Justice Swift is telling us that, driving without government documents such as licences, MOT’s etc., cannot be ‘of itself criminal’, as the government licences these acts and therefore they cannot be criminal.

This is still a leading case, as can be seen from this document which can be found on The House of Lords’ website:

Ex parte Lewis (1888) 21 Q.B.D. 191 Wills J. said in regard to public right of passage:-

“The only ‘dedication’ in the legal sense that we are aware of is that of a public right of passage, of which the legal description is a ‘right for all Her Majesty’s subjects at all seasons of the year freely and at their will to pass and re-pass without let or hindrance.’ ”


This makes the point that you can travel freely and that you can pass without ‘let’ (to hinder or stand in the way of)  or ‘hindrance’ (obstruction). The phrase ‘without let or hindrance’, meaning, without impediment, something that is free to progress.

Read the whole piece in the context of the case at the House of Lords:

It’s often interesting to look up some of the other case law cited in a judgement too.

DPP v. Jones and Another [1999] Lord Irvine LC

“The law should not make unlawful what is commonplace and well accepted.”

Lord Irvine makes the point that, one day you were a farmer with a shotgun, the next you’re a criminal because you don’t have a license for it. (a license has been required since 1962). See

See this UK Parliament (House of Lords) document here for a full transcript of the case:

Interestingly, this article coincided with the News that, Khat is to become illegal in this country too (at the time of writing), so those people who have it in their possession from next week will become criminals!

These cases help our understanding of and help to define the ‘common law right to travel’ argument in the legal realm.

So there you have it, I hope that helps many people, including the Police and other law professionals themselves, as I’m sure many of then would rather be chasing/prosecuting real criminals.

Another common concern amongst many of you seems to be whether Solicitors act for you or the Courts… well this should help focus that argument and dispel another myth or two.

In the famous case of Batchelor -v- Pattison & Mackersy (1876) 3R914 which establishes that solicitors are officers of the court and owe the court various duties which can transcend duties owed to a client but generally when a counsel is employed the solicitor is bound to follow his instructions. In England the Rondel -v- Worley 1969 AC191 case established that solicitors “should not blindly follow counsel”.

This obviously has implications for questions of negligence when they arise in the context of the conduct of hearings. In the above case the client decided to sue his former solicitor in relation to his conduct of the trial claiming that his solicitor had been negligent. He advanced a human rights argument that he had been denied a fair trial because of negligence and claimed a miscarriage of justice had resulted. He did not aver that he would have been acquitted but for this negligence.

So there you have it, two myths dispelled for the price of one!

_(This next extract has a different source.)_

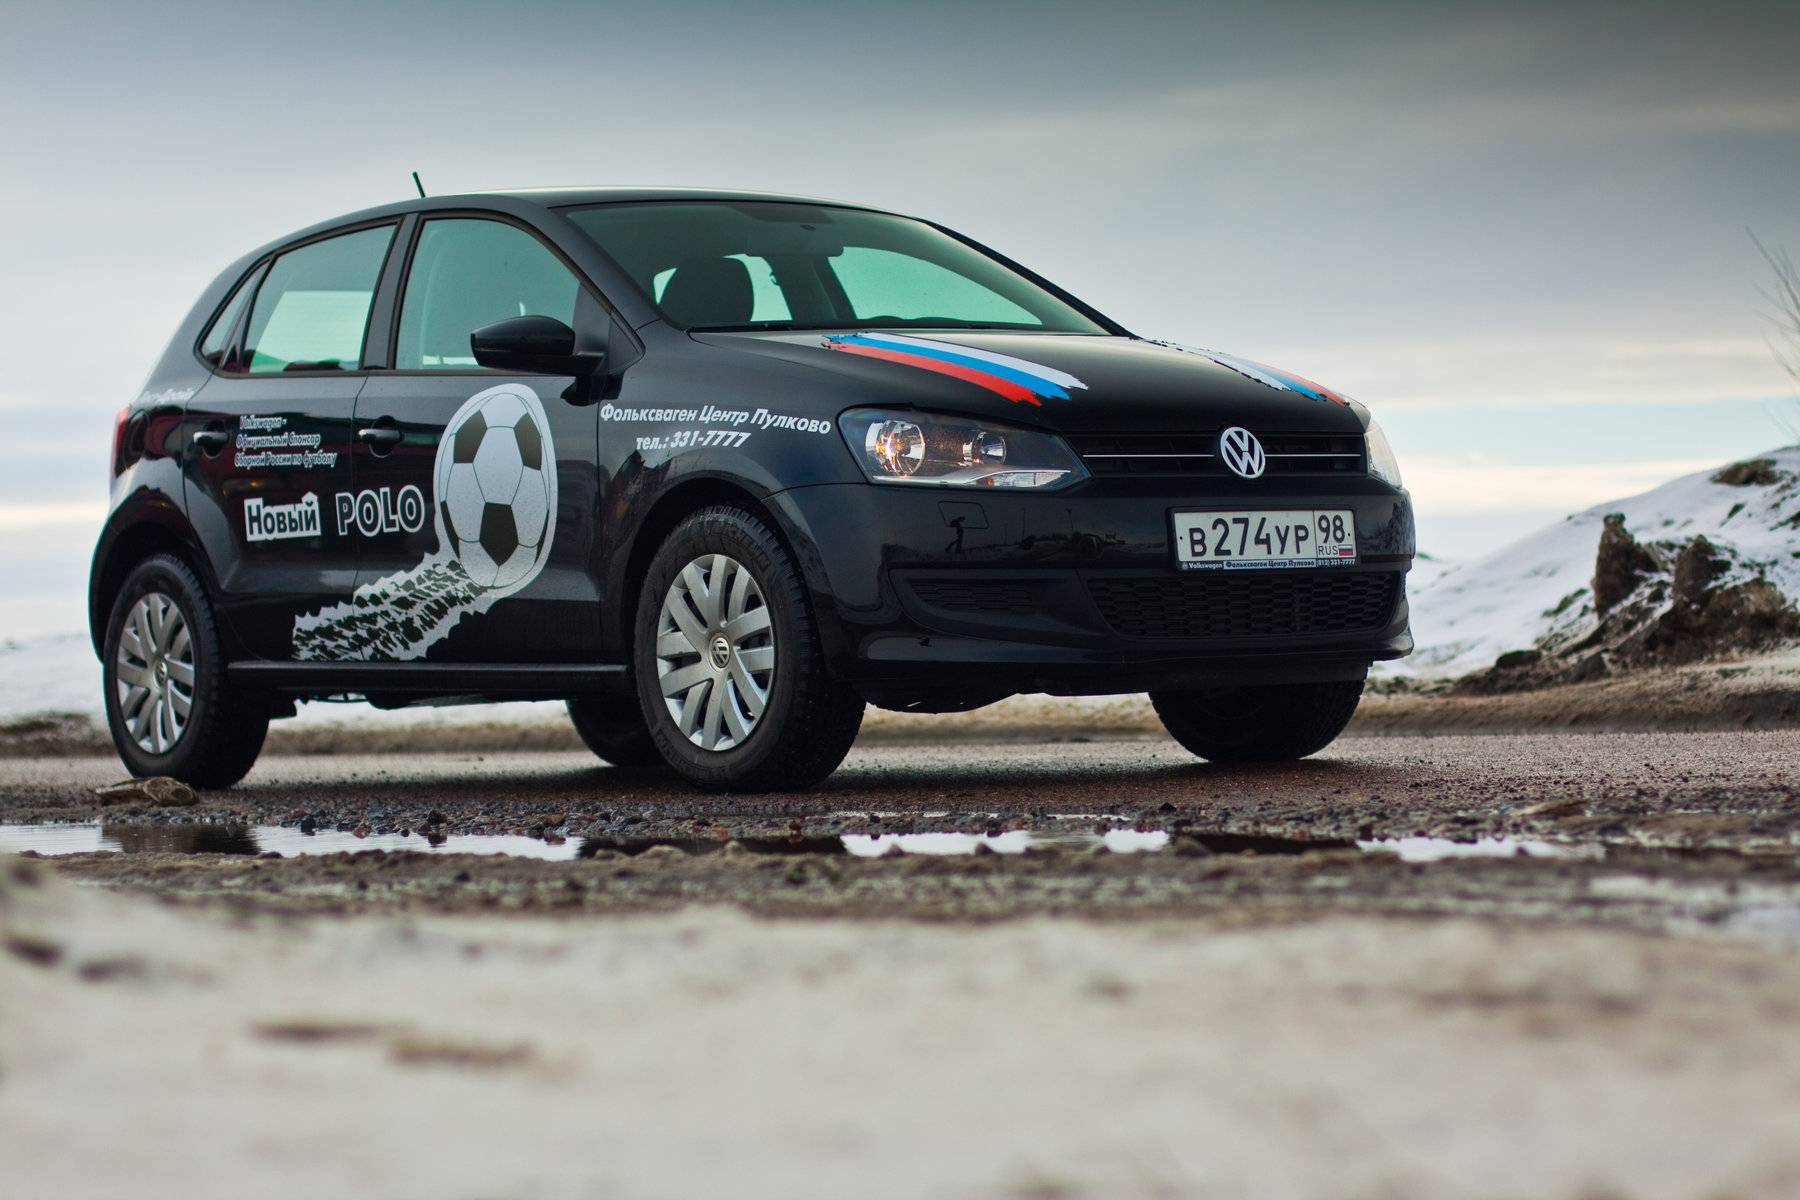 Volkswagen polo хэтчбек (фольксваген поло) видео обзор и тест драйв
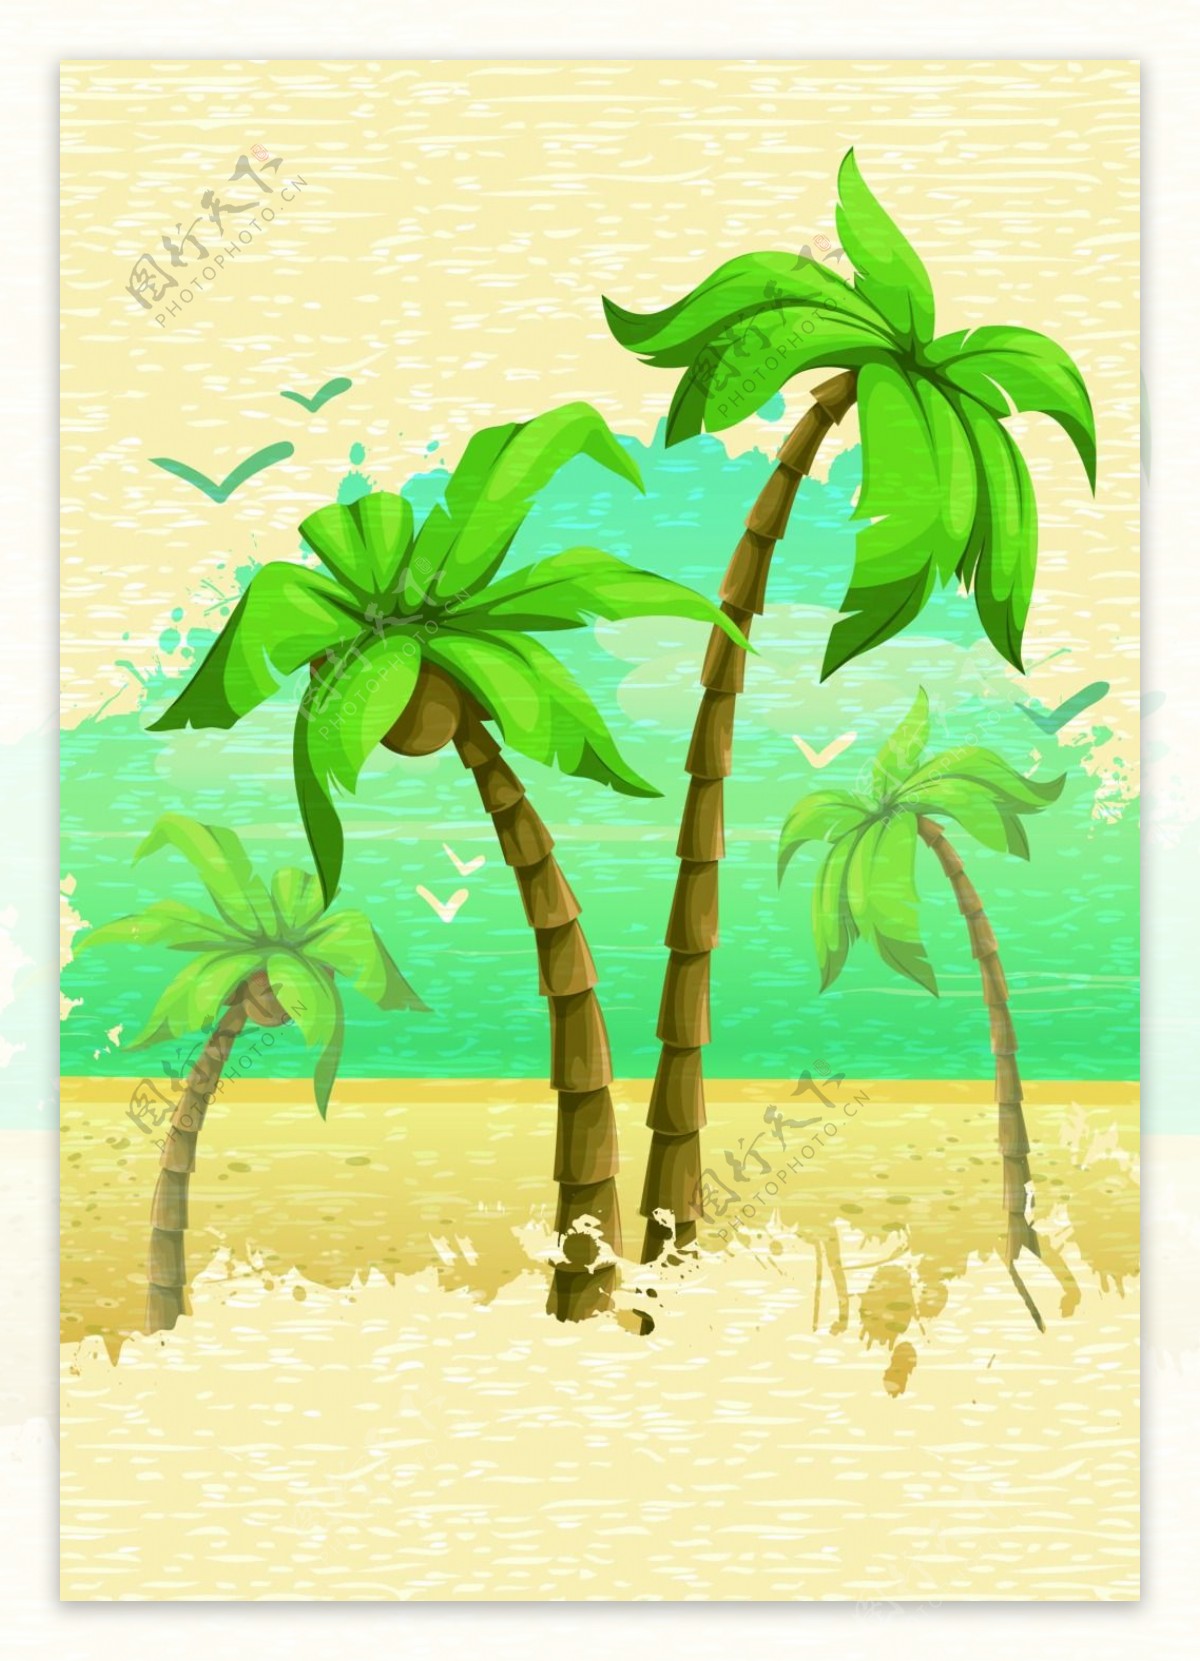 斑驳椰子树背景模版

Many books on aspects of Law cost well over a £1,000 including Greens Litigation Styles and indeed ‘Halsbury’s Laws of England’ which costs a not inconsiderable sum of £10,100 for the latest 5th edition (at time of writing), yes, you read that correctly! See HERE. Yet we’re told that ignorance of the law is NO DEFENCE! How can we possibly understand the law when it’s prohibitively expensive to buy such books and they’re not available in my (or your), local library for the same reason? Of course this is a deliberate attempt to keep you in that state of ‘ignorance’, so that administrative courts can unlawfully steal your debt money.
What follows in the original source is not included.